=== TASK GOAL ===
From the first line of the listing to the last, set down everything exactly, but skip the images.

=== PROVIDED MATERIAL ===
____

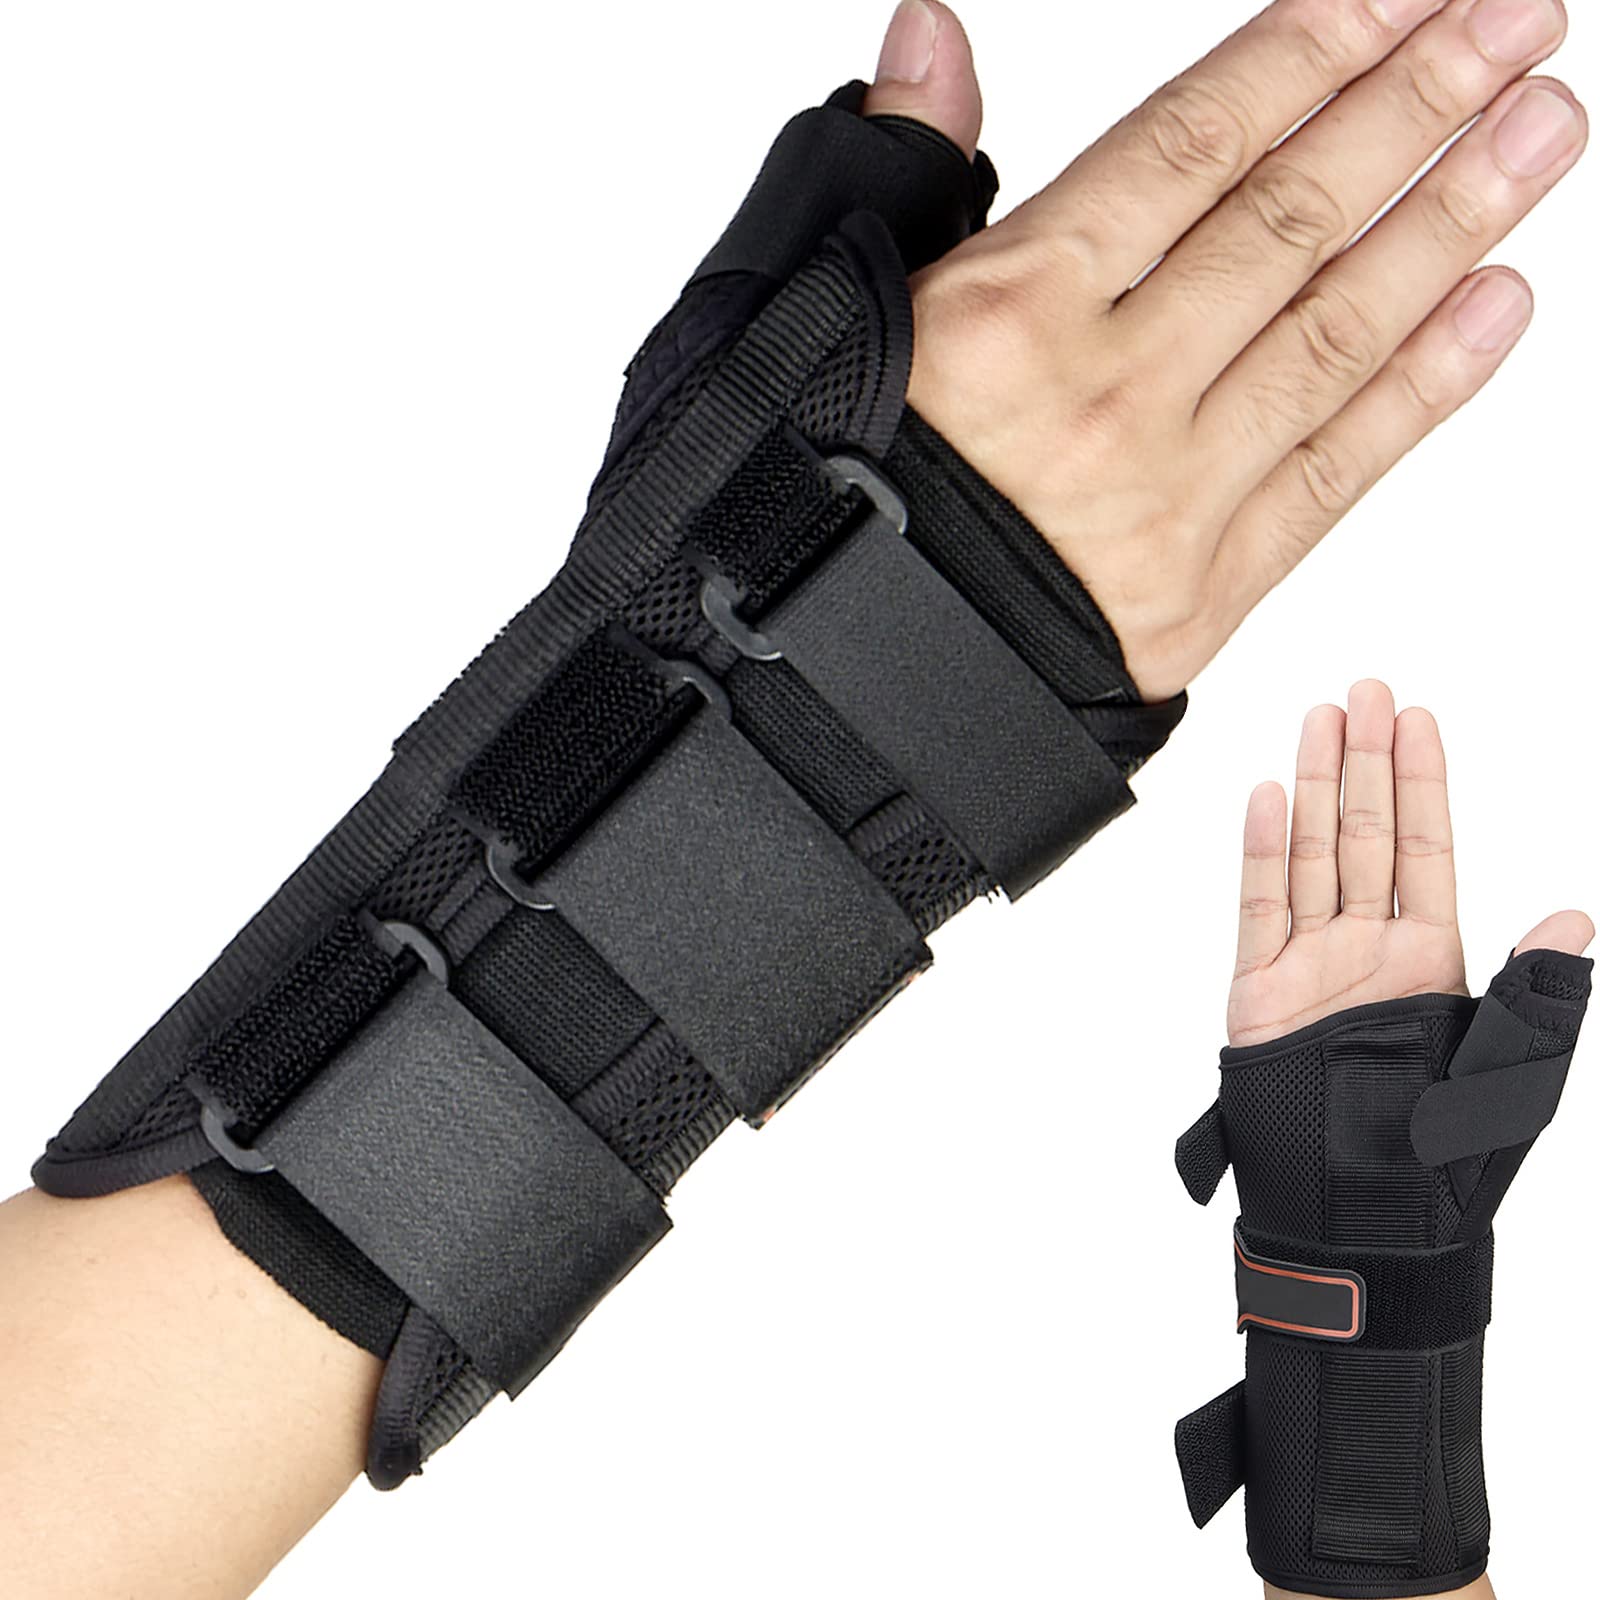 Wrist Brace Thumb Spica Splint For De Quervains Tenosynovitis Tendonitis Carpal Tunnel Arthritis
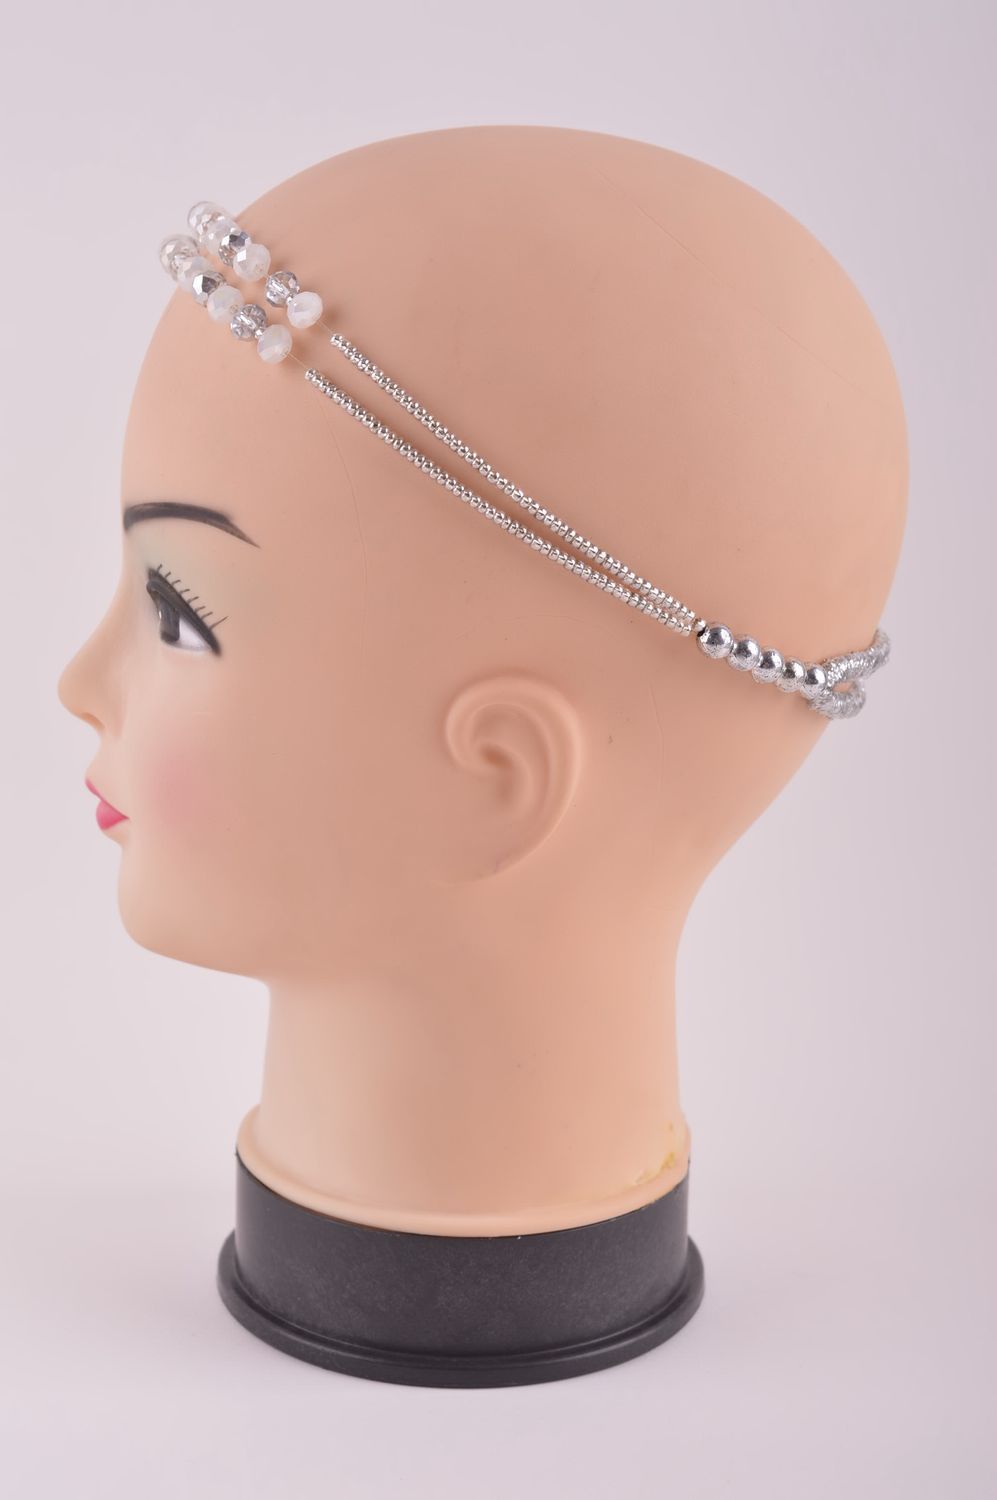 Haar Schmuck Dünnes Haarband handgemachter Schmuck Accessoire für Haare modisch foto 3
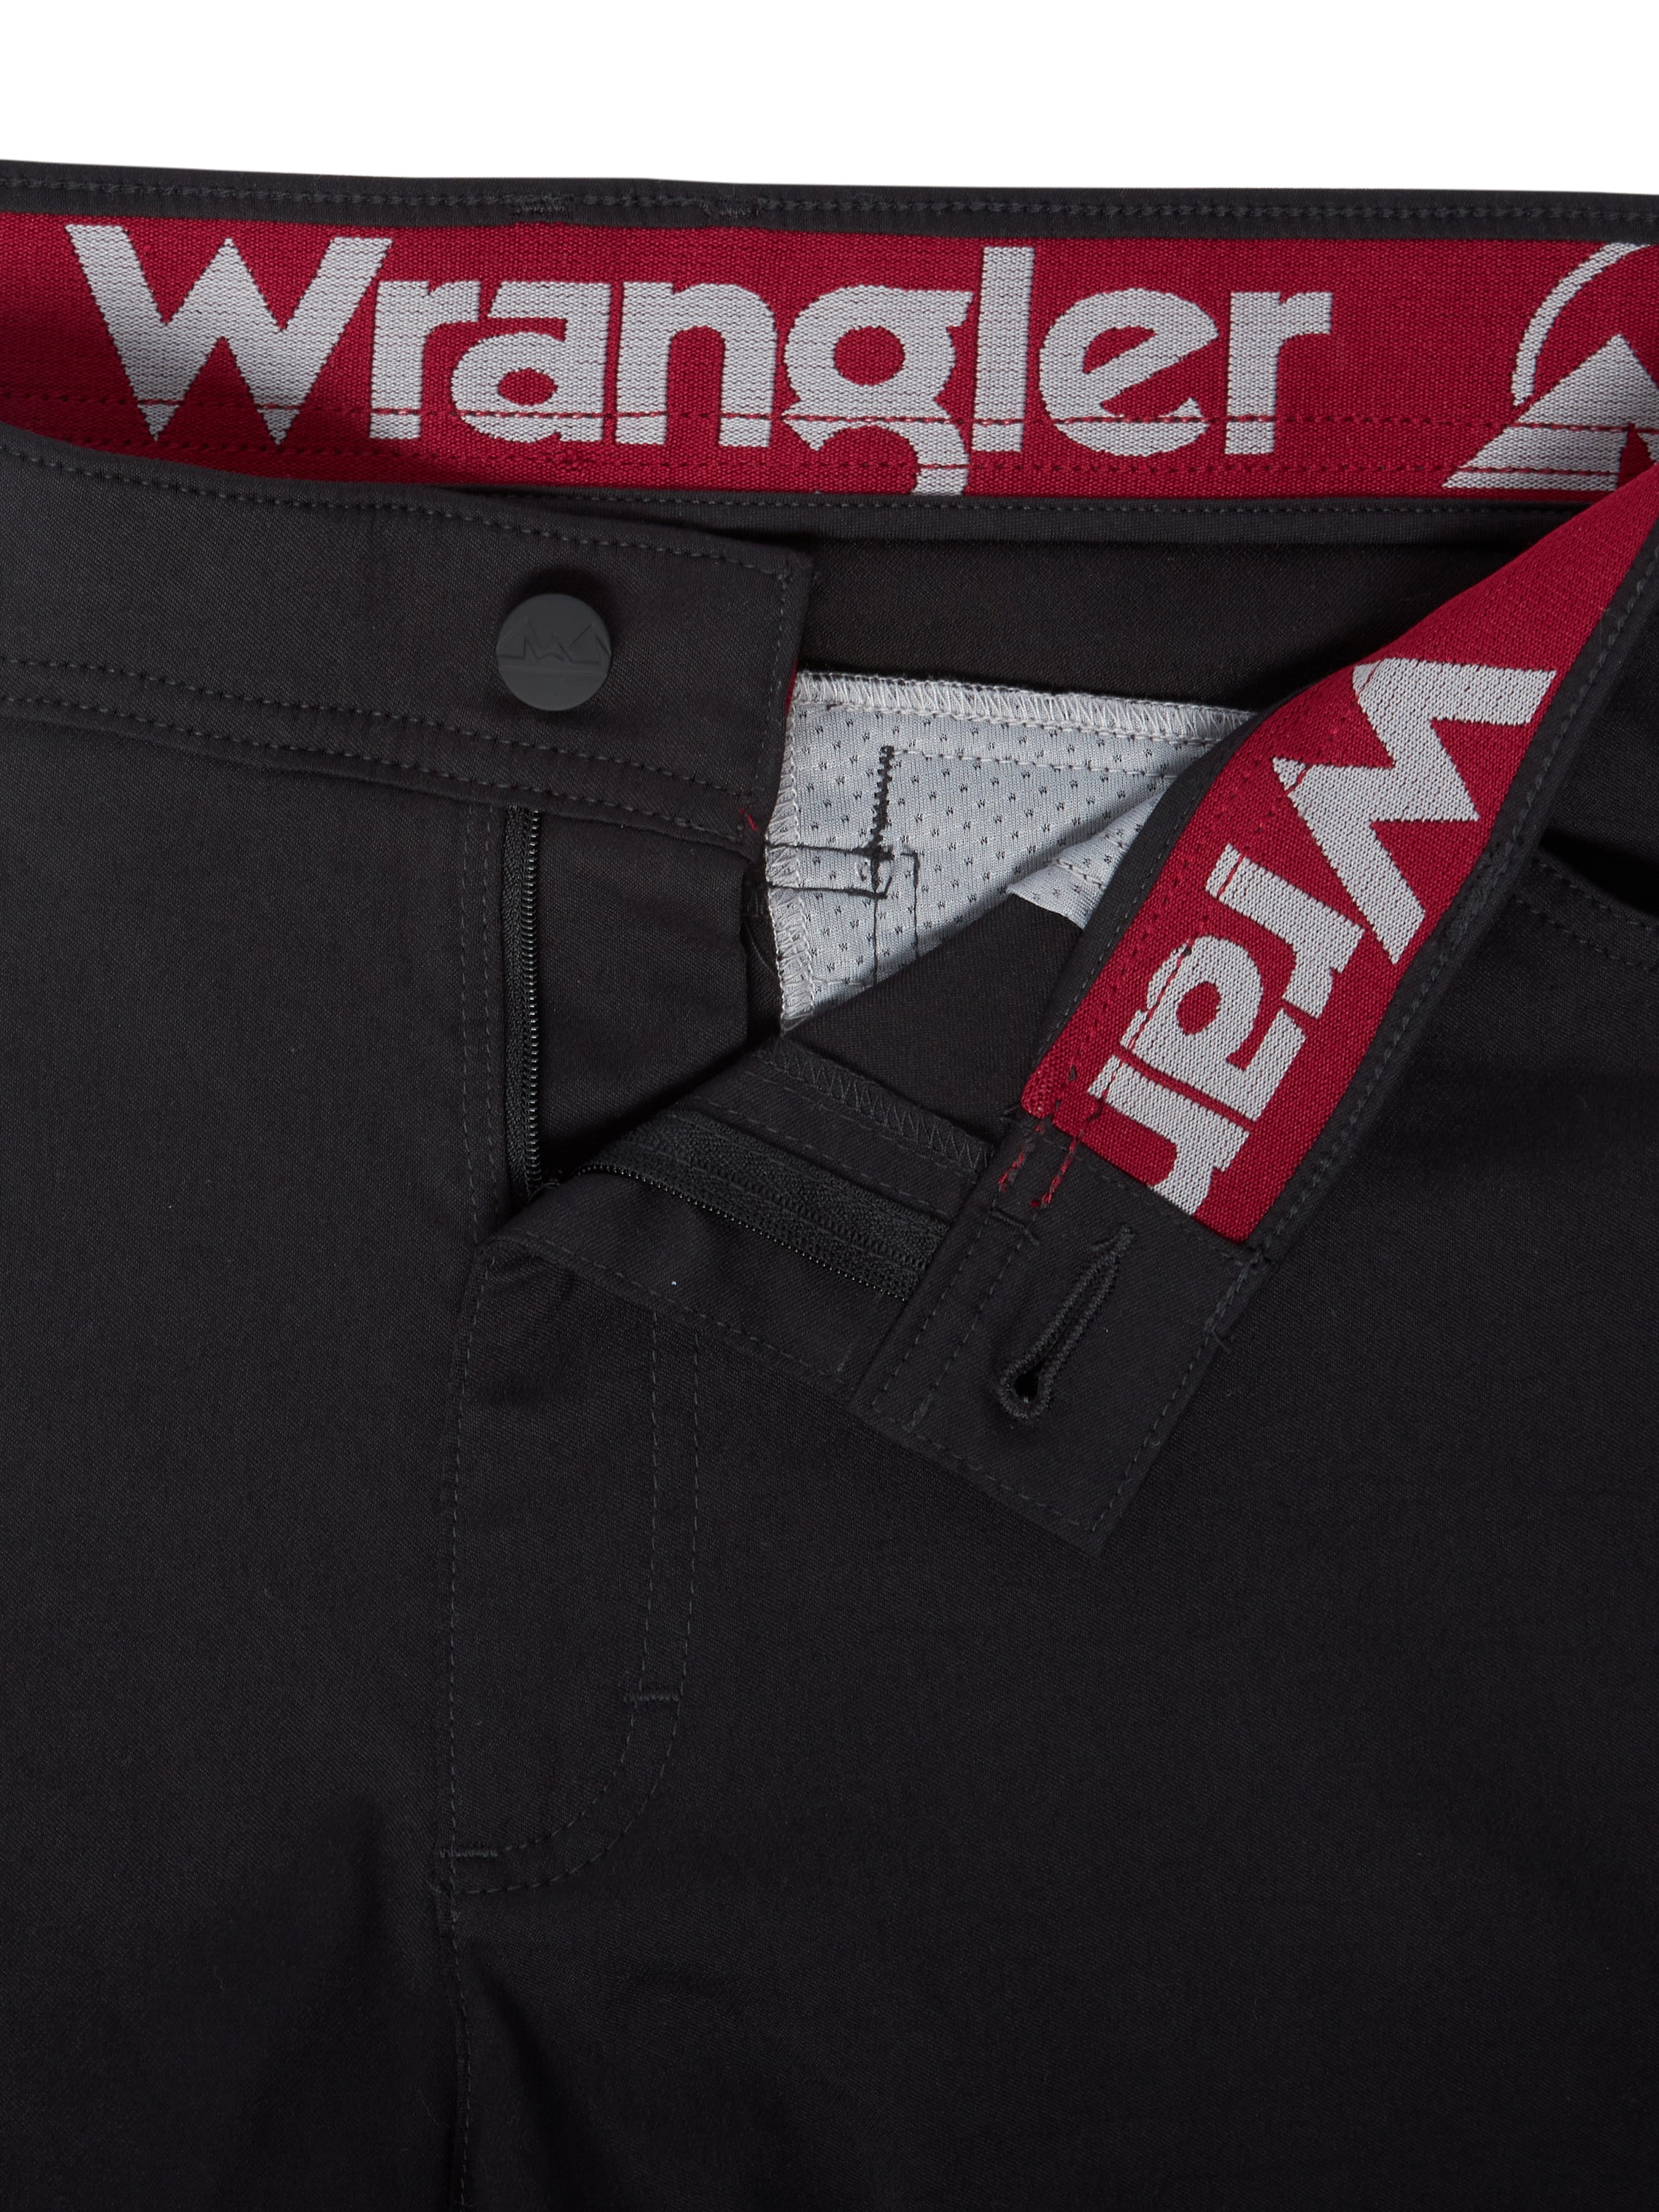 Wrangler Outdoor Series Hiking Pants Men's 30x30 Gray 95% Nylon 5% Spandex

____

=== WRITTEN ANSWER ===
 Wrist Brace Thumb Spica Splint For De Quervains Tenosynovitis Tendonitis Carpal Tunnel Arthritis
 Haar Schmuck Dünnes Haarband handgemachter Schmuck Accessoire für Haare modisch foto 3
 Wrangler Outdoor Series Hiking Pants Men's 30x30 Gray 95% Nylon 5% Spandex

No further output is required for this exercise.